» **Data provided**
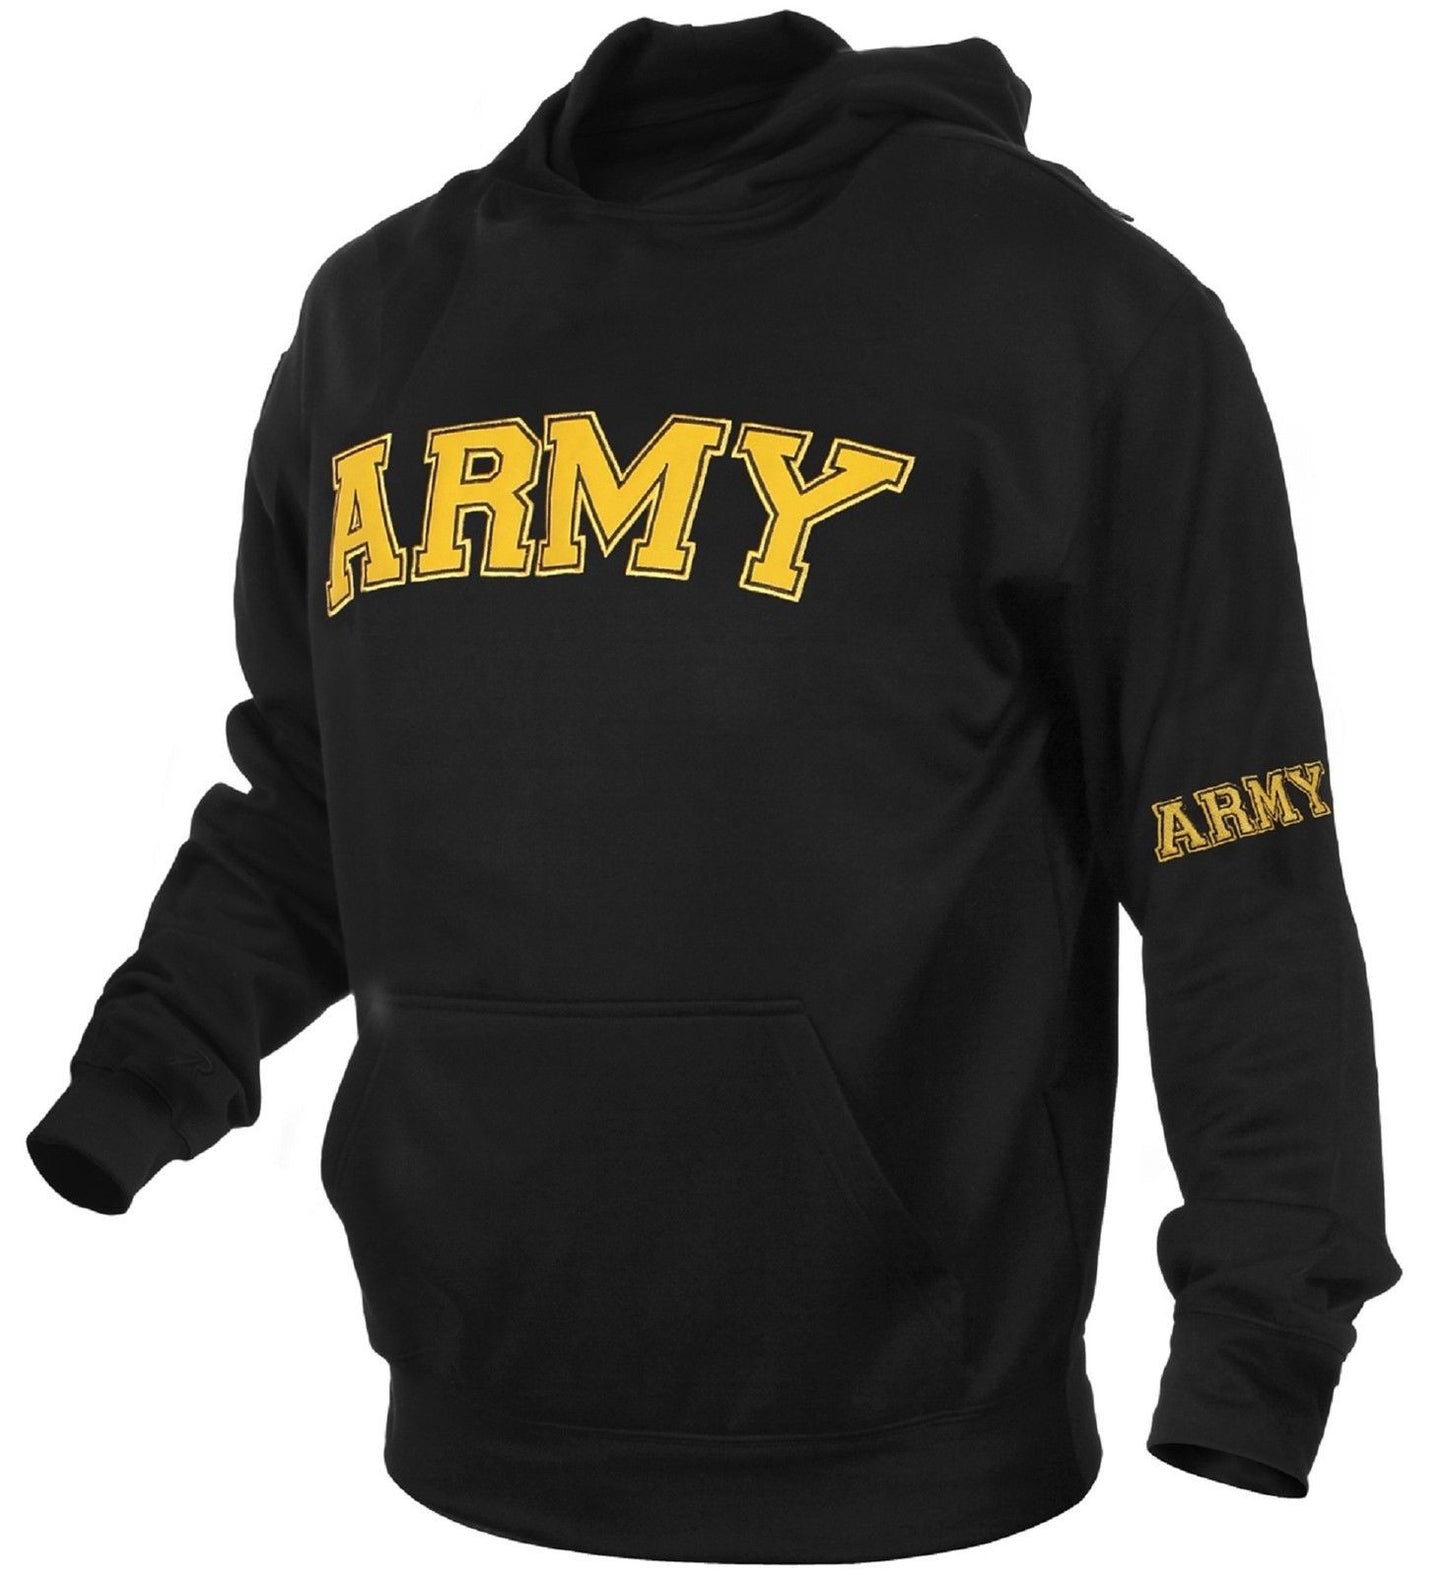 Men's Black & Gold Embroidered ARMY Pullover Hoodie Sweatshirt
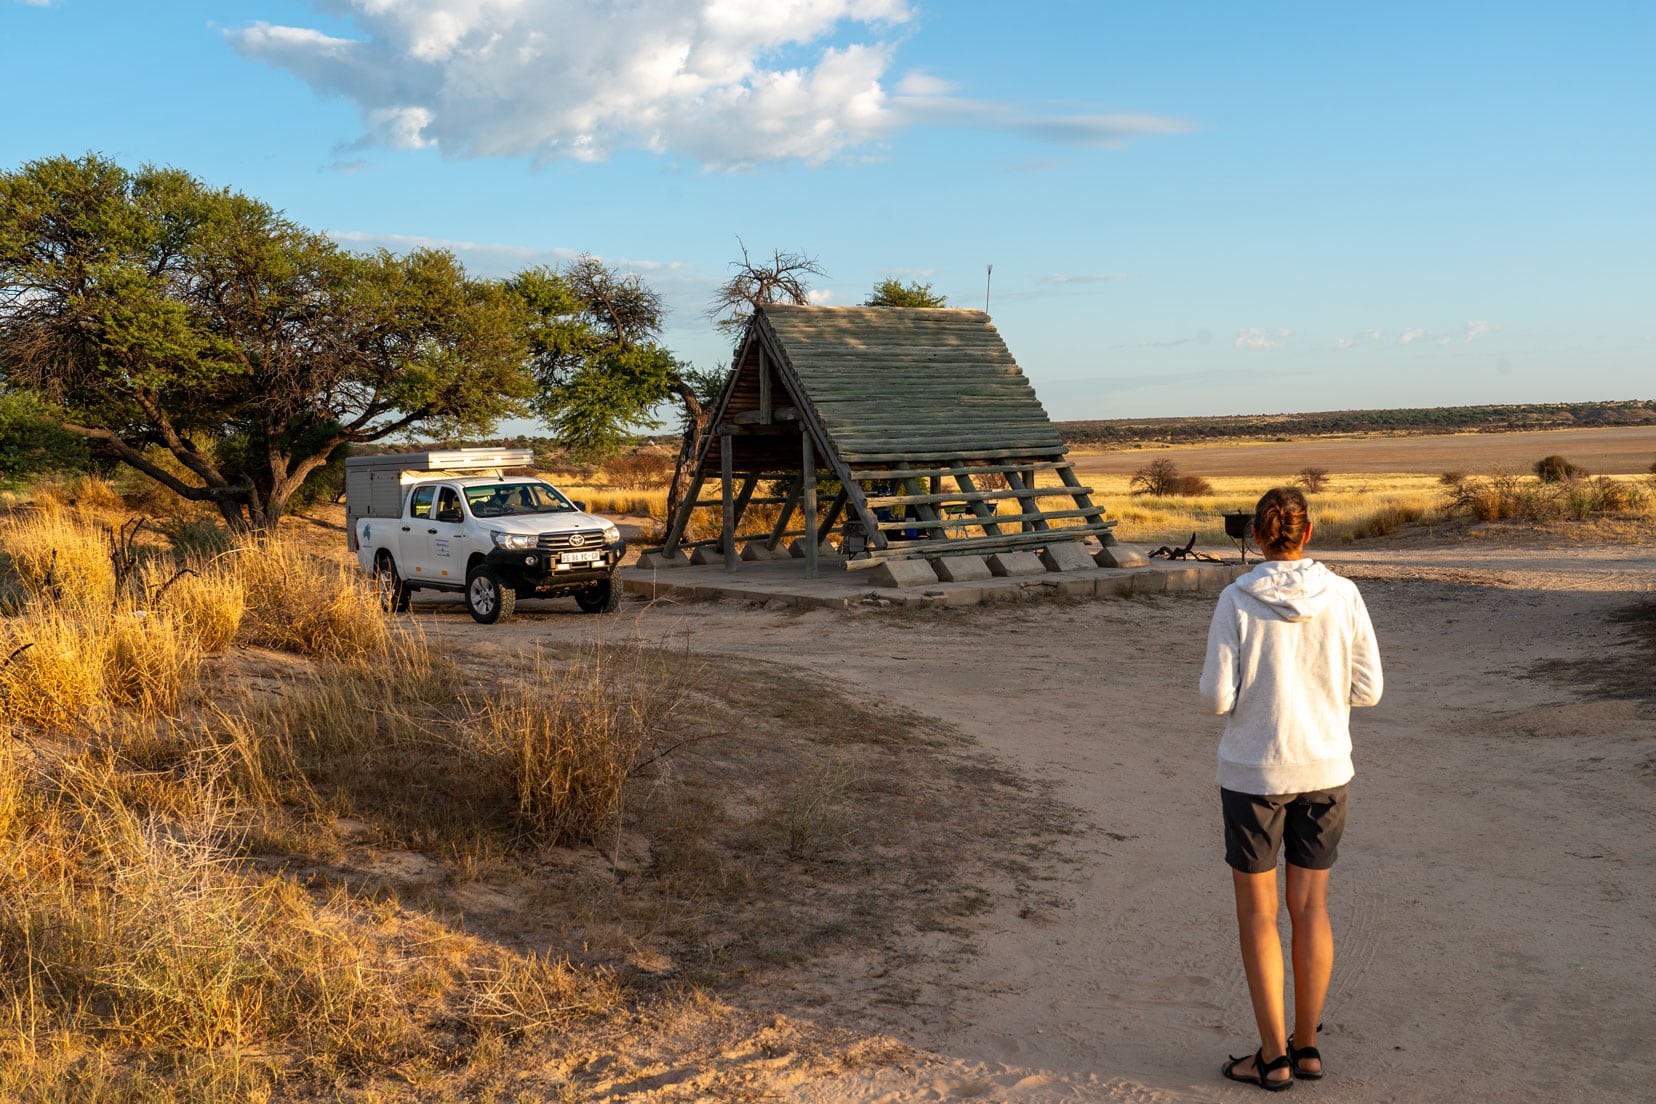 Camping in the Kgalagadi  with an A-Frame shelter beside the camper
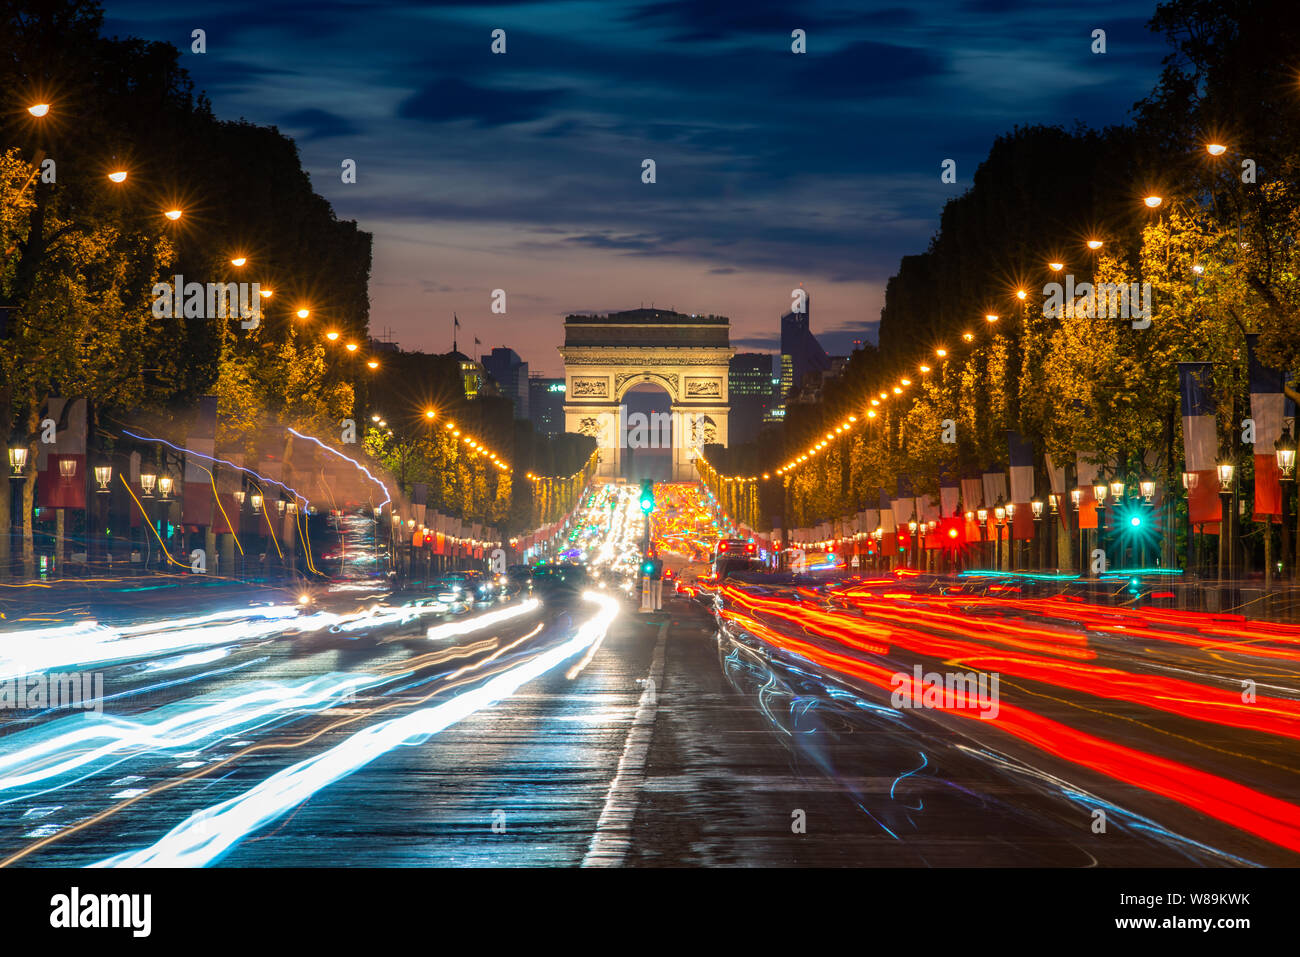 Night scence illuminations traffic street of the Impressive Arc de Triomphe Paris along the famous tree lined Avenue des Champs-Elysees in Paris, Fran Stock Photo
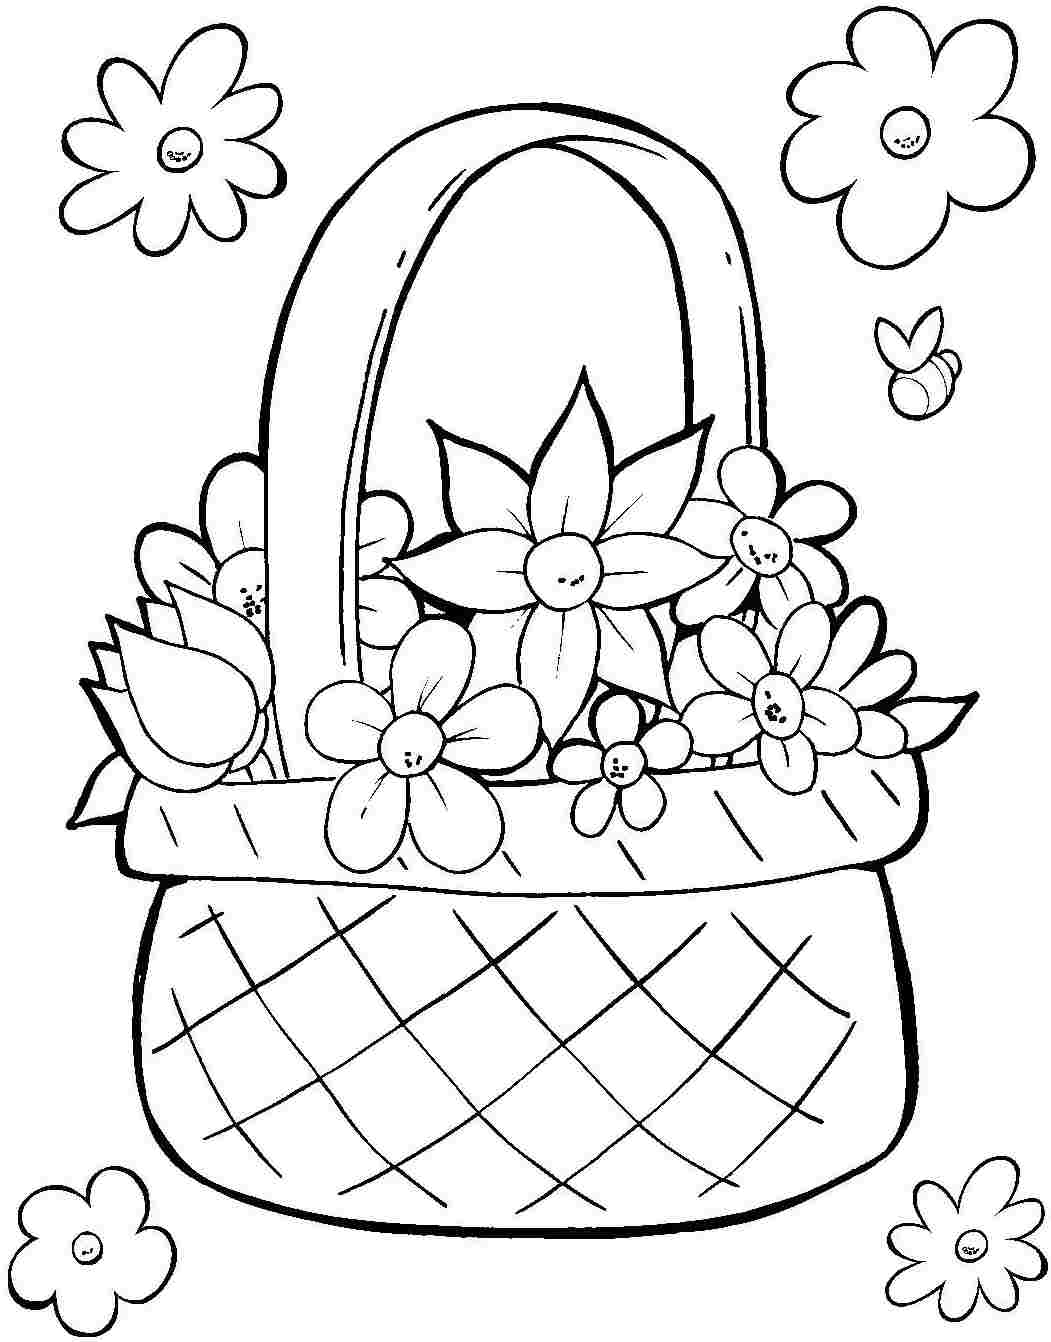 Easter Basket Printable Coloring Pages at GetColorings.com ...

» **Exercise aim**
Each line above should be output exactly, apart from the pictures.

» **Response to this exercise**
 Men's Black & Gold Embroidered ARMY Pullover Hoodie Sweatshirt
 Camping in the Kgalagadi  with an A-Frame shelter beside the camper
 Night scence illuminations traffic street of the Impressive Arc de Triomphe Paris along the famous tree lined Avenue des Champs-Elysees in Paris, Fran Stock Photo
 Easter Basket Printable Coloring Pages at GetColorings.com ...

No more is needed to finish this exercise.